▼

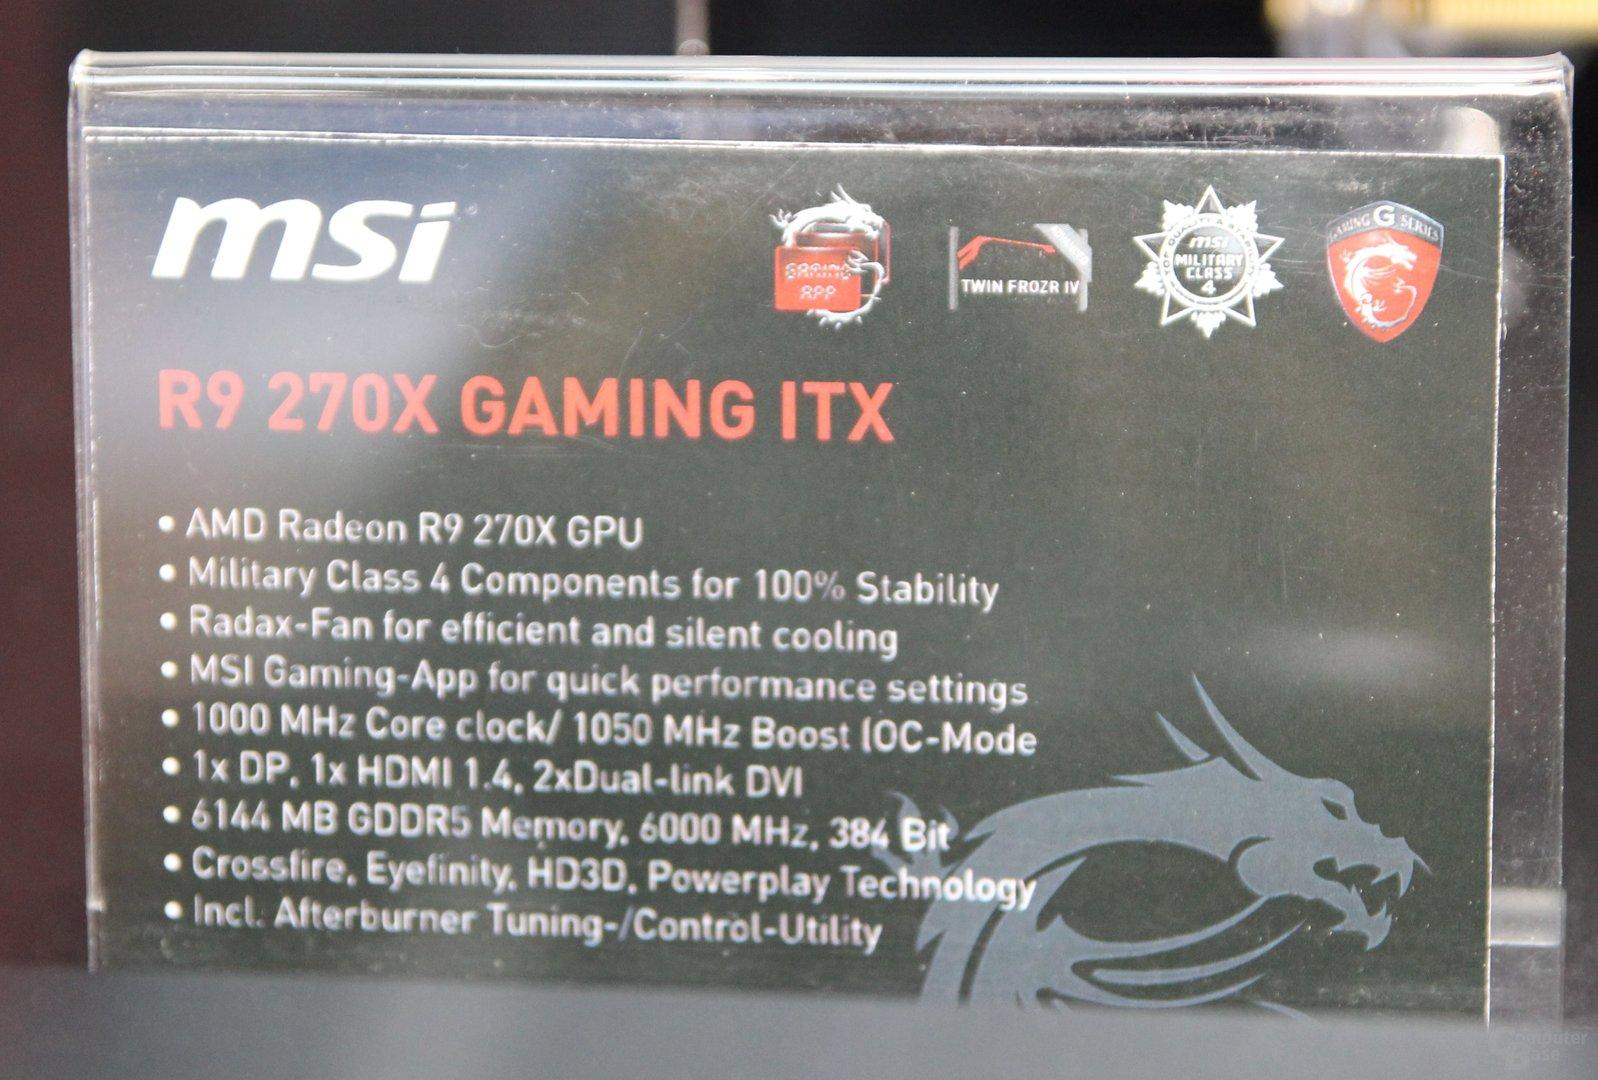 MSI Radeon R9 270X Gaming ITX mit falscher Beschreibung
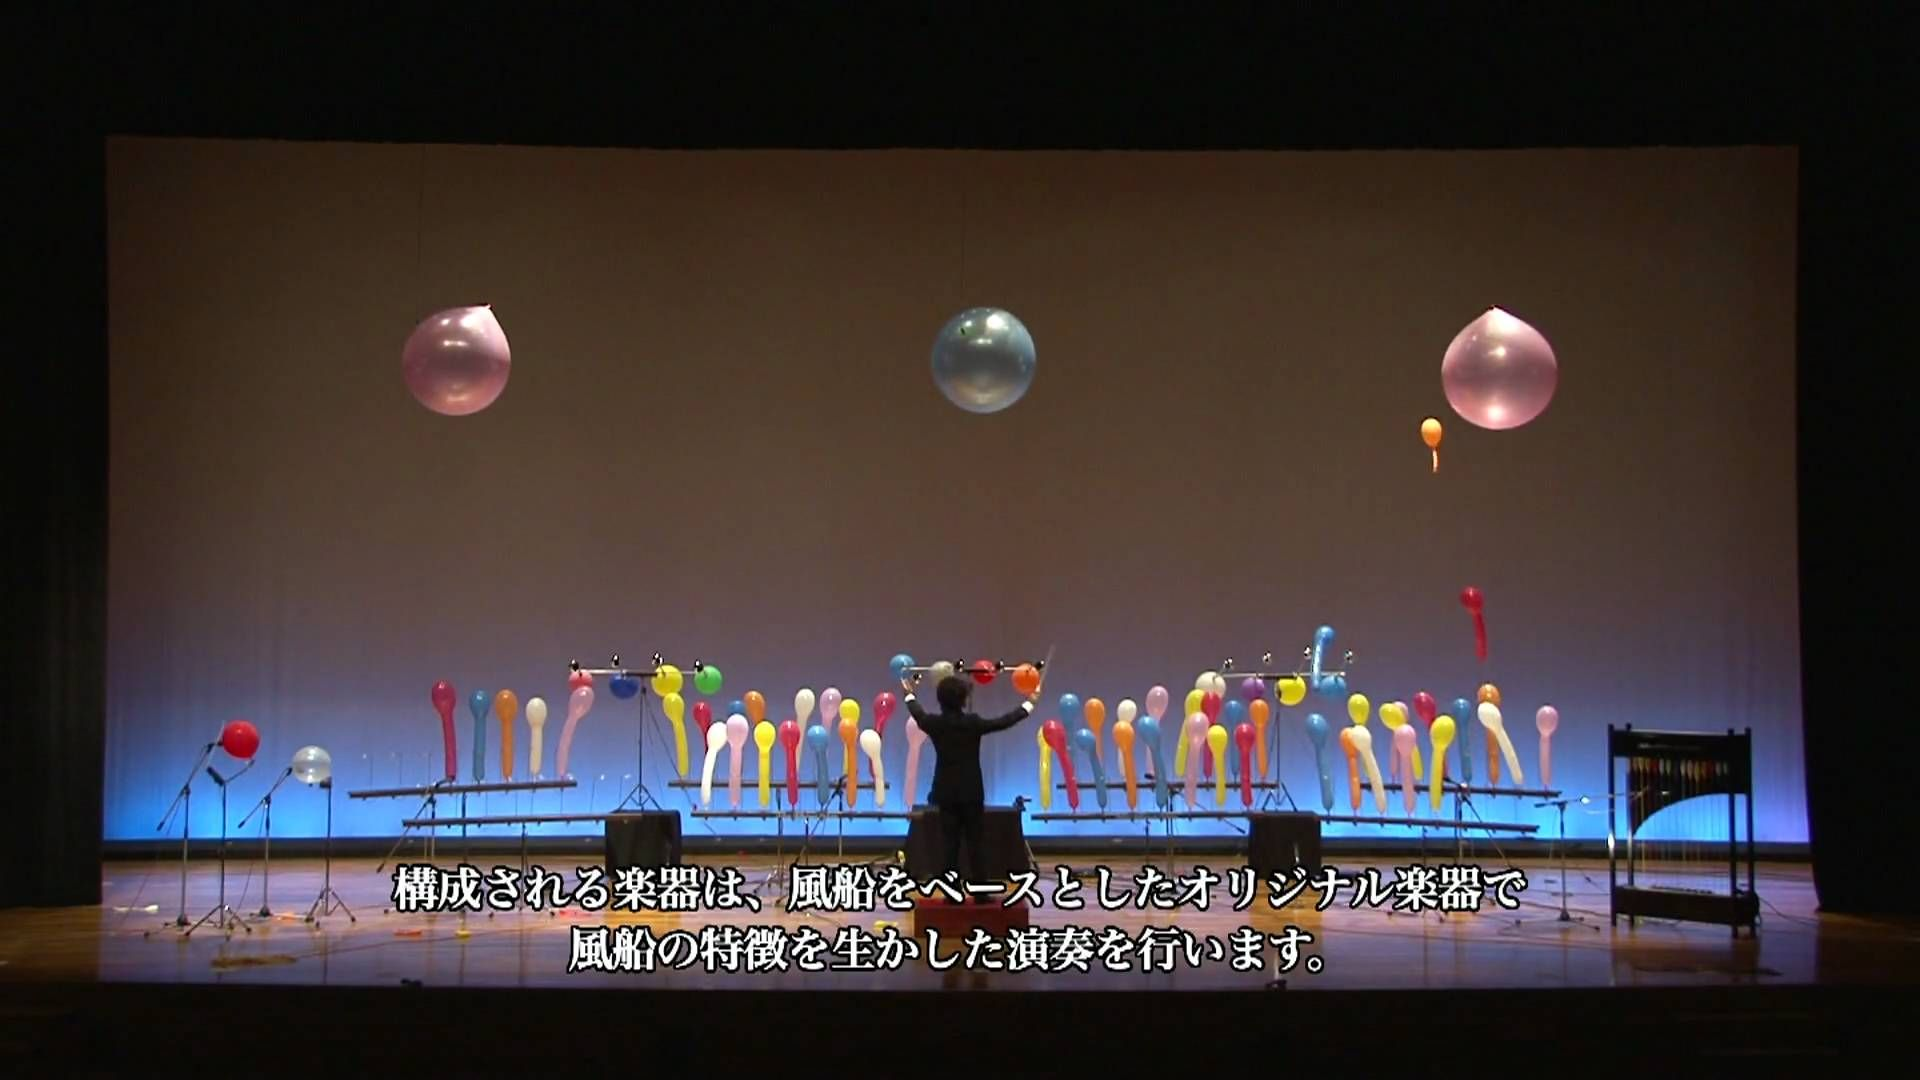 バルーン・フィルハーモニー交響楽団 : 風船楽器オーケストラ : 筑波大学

▲
▼

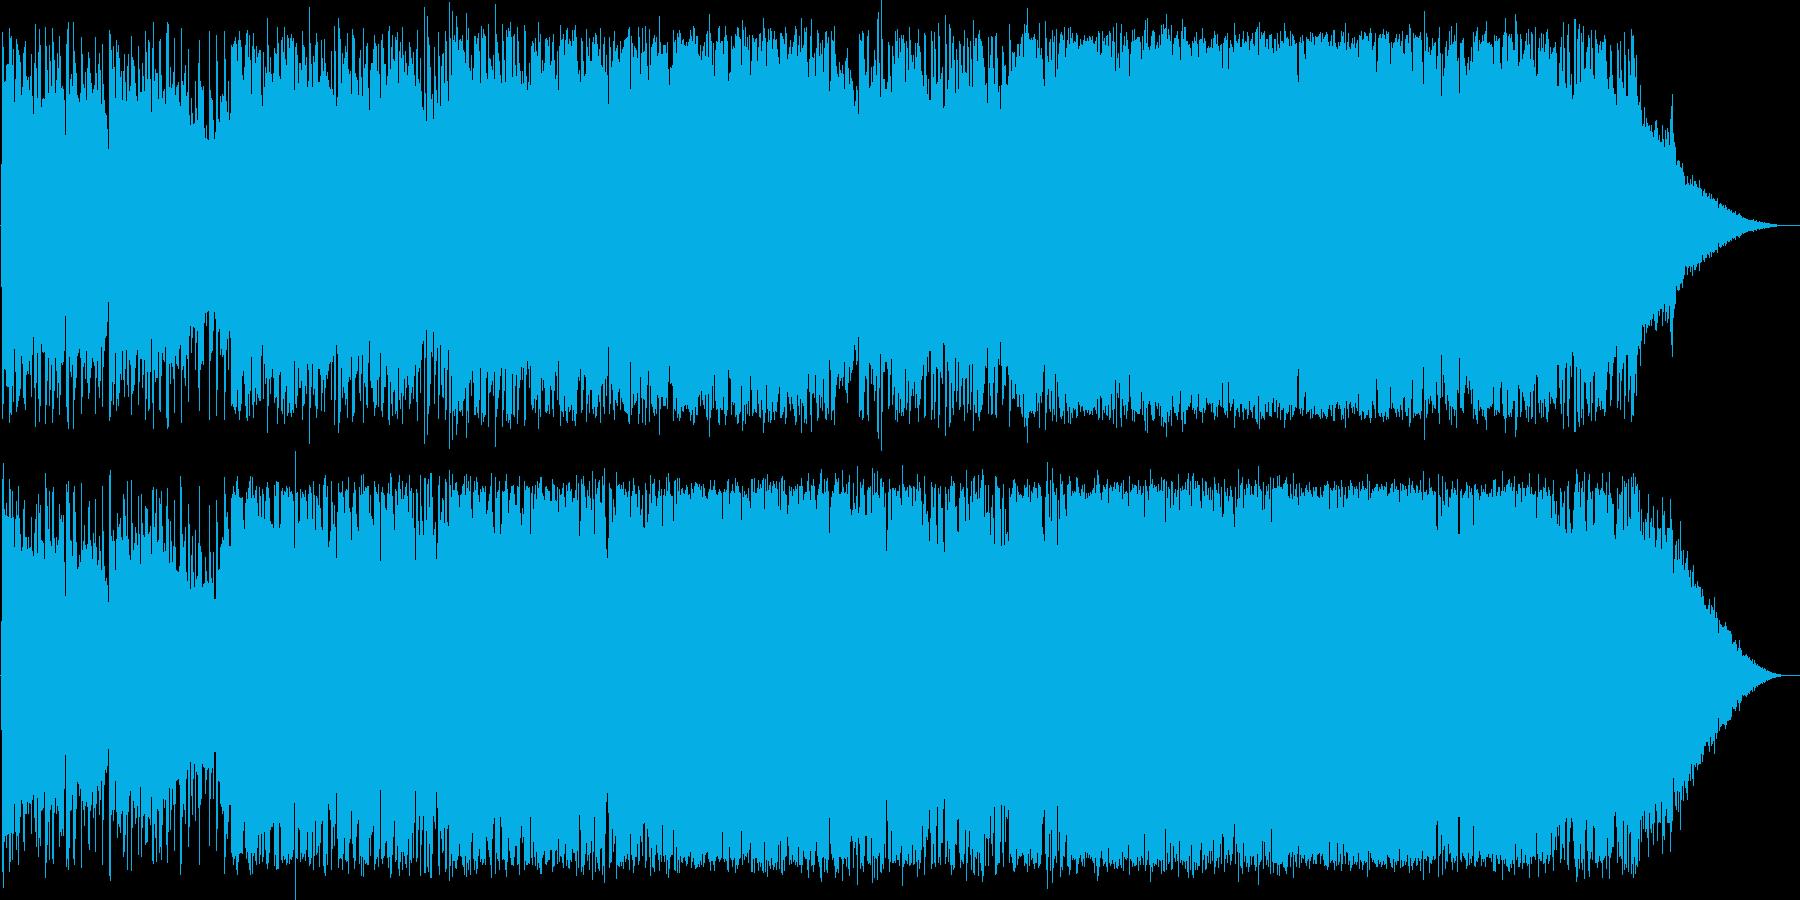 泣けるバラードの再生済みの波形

▲

■ EXERCISE BRIEF: For the data above, set down exactly the lines from the line with "MSI Radeon R9" to the line with "バルーン・フィルハーモニー交響楽団 : 風船楽器オーケストラ : 筑波大学", both included, leaving pictures out.

■ RESPONSE TO THIS EXERCISE:
 MSI Radeon R9 270X Gaming ITX mit falscher Beschreibung
 バルーン・フィルハーモニー交響楽団 : 風船楽器オーケストラ : 筑波大学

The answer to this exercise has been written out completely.